NMR began as a division of ACNielsen, a marketing research firm founded in 1923. In 1996, NMR was split off into an independent company, and in 1999, it was
purchased by the Dutch conglomerate VNU. In 2001, VNU also purchased ACNielsen, bringing both companies under the same corporate umbrella for years. NMR is also a sister company to Nielsen//NetRatings, which measures Internet and digital media audiences. VNU was reorganized and renamed the Nielsen Company in 2007. NMR was separated again from NielsenIQ in 2021.

History

The Nielsen TV ratings have been produced in the United States since the 1950–51 television season, statistically measuring which programs are watched by segments of the American population. The most well-known portion is the "diary". During the four "sweeps" months of February, May, July and November, Nielsen interviewers in Oldsmar, Florida, and Radcliff, Kentucky, ask homes to fill out a one-week diary of the programs watched in their household.

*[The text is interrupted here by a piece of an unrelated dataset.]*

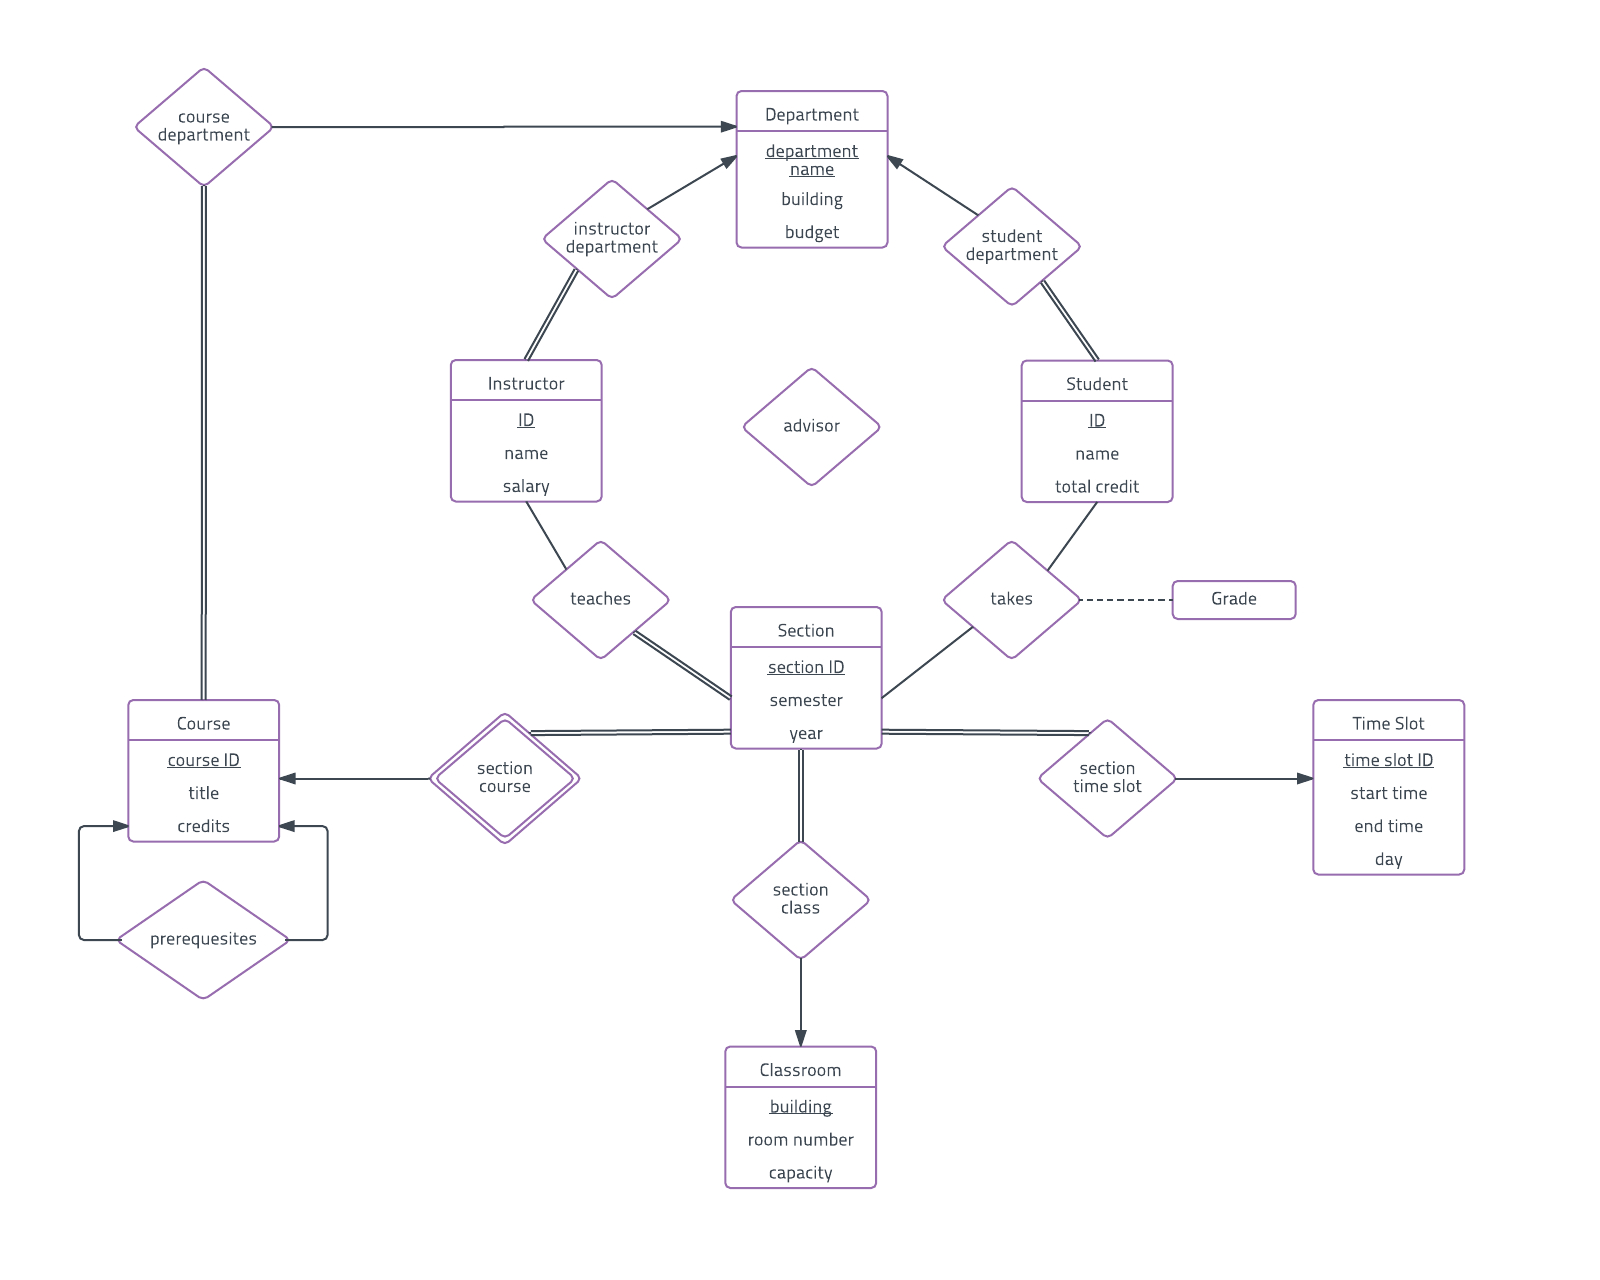 Er Diagram Examples And Templates | Lucidchart in Er Diagram Questions In Dbms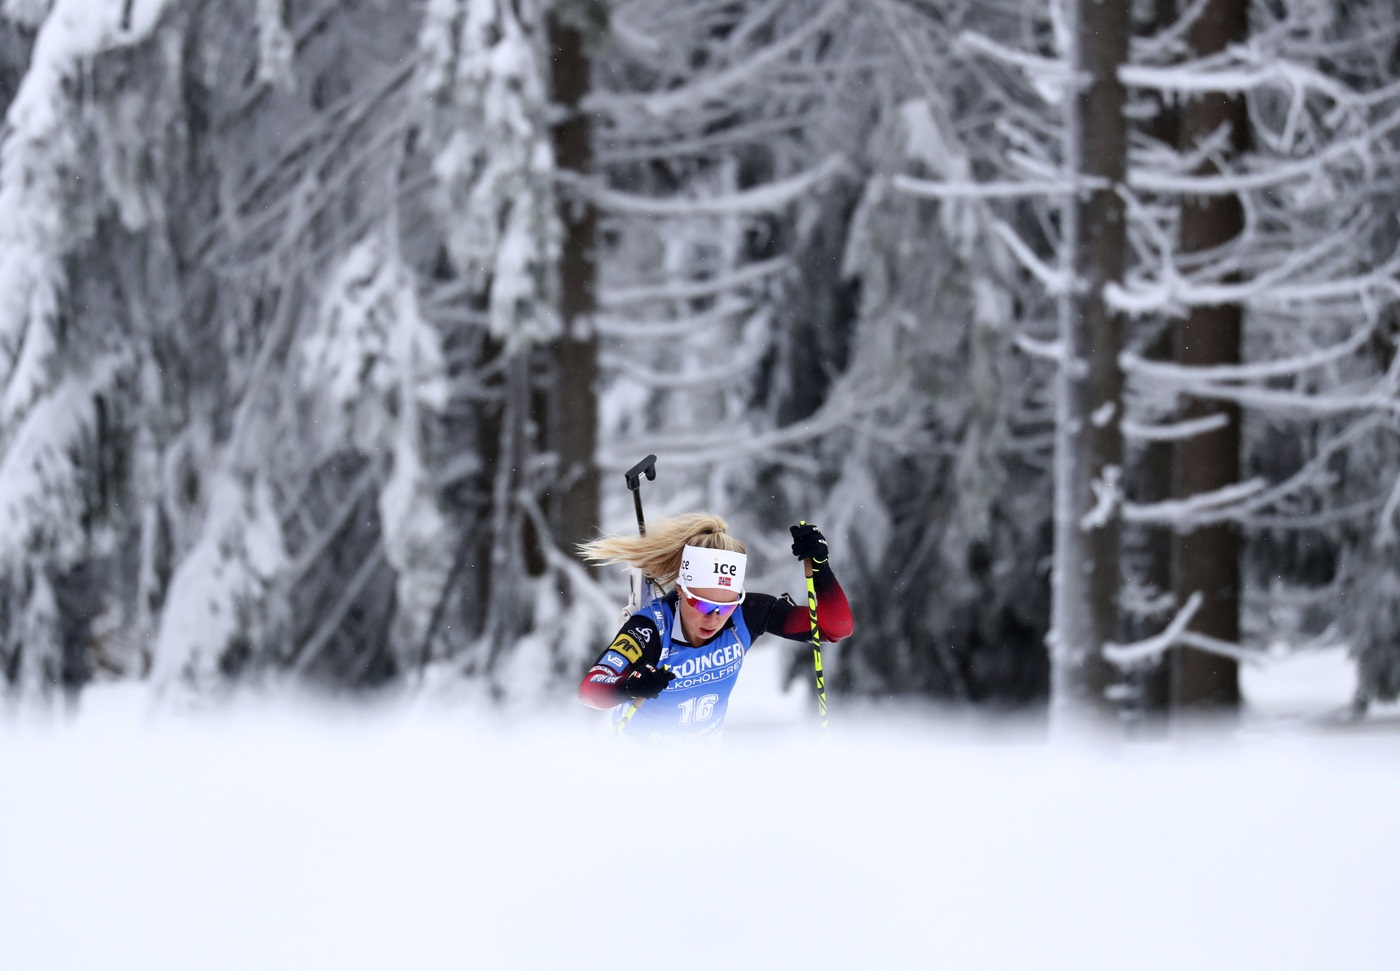 Norway's Tiril Eckhoff runs during the women's 7.5 km sprint race at the Biathlon World Cup in Oberhof, Germany, Friday, Jan. 8, 2021. (AP Photo/Matthias Schrader)

The Nielsen sample included about 1,700 homes with audiometers and a rotating group of nearly 850 diary respondents by the early 1980s. Nielsen launched its Nielsen Homevideo Index in 1980 to measure cable, pay cable, and VCRs; the NHI began offering daily cable ratings in 1982, with steady expansions made into the mid-2000s. In 2003, Nielsen began adjusting its counting methods and emphasized its sample in response to demographic changes and requests from some industry sectors. Nielsen introduced its automated Local People Meter technology in New York and Los Angeles. The LPM enhanced Nielsen's measurement method by shifting from an active, diary-based system to a passive, meter-monitored one. The LPM accurately measures local-level markets instead of relying on a national sample. While diary-based surveys focused on quarterly sweeps, the industry has shifted towards year-round measurement thanks to the automated LPM system.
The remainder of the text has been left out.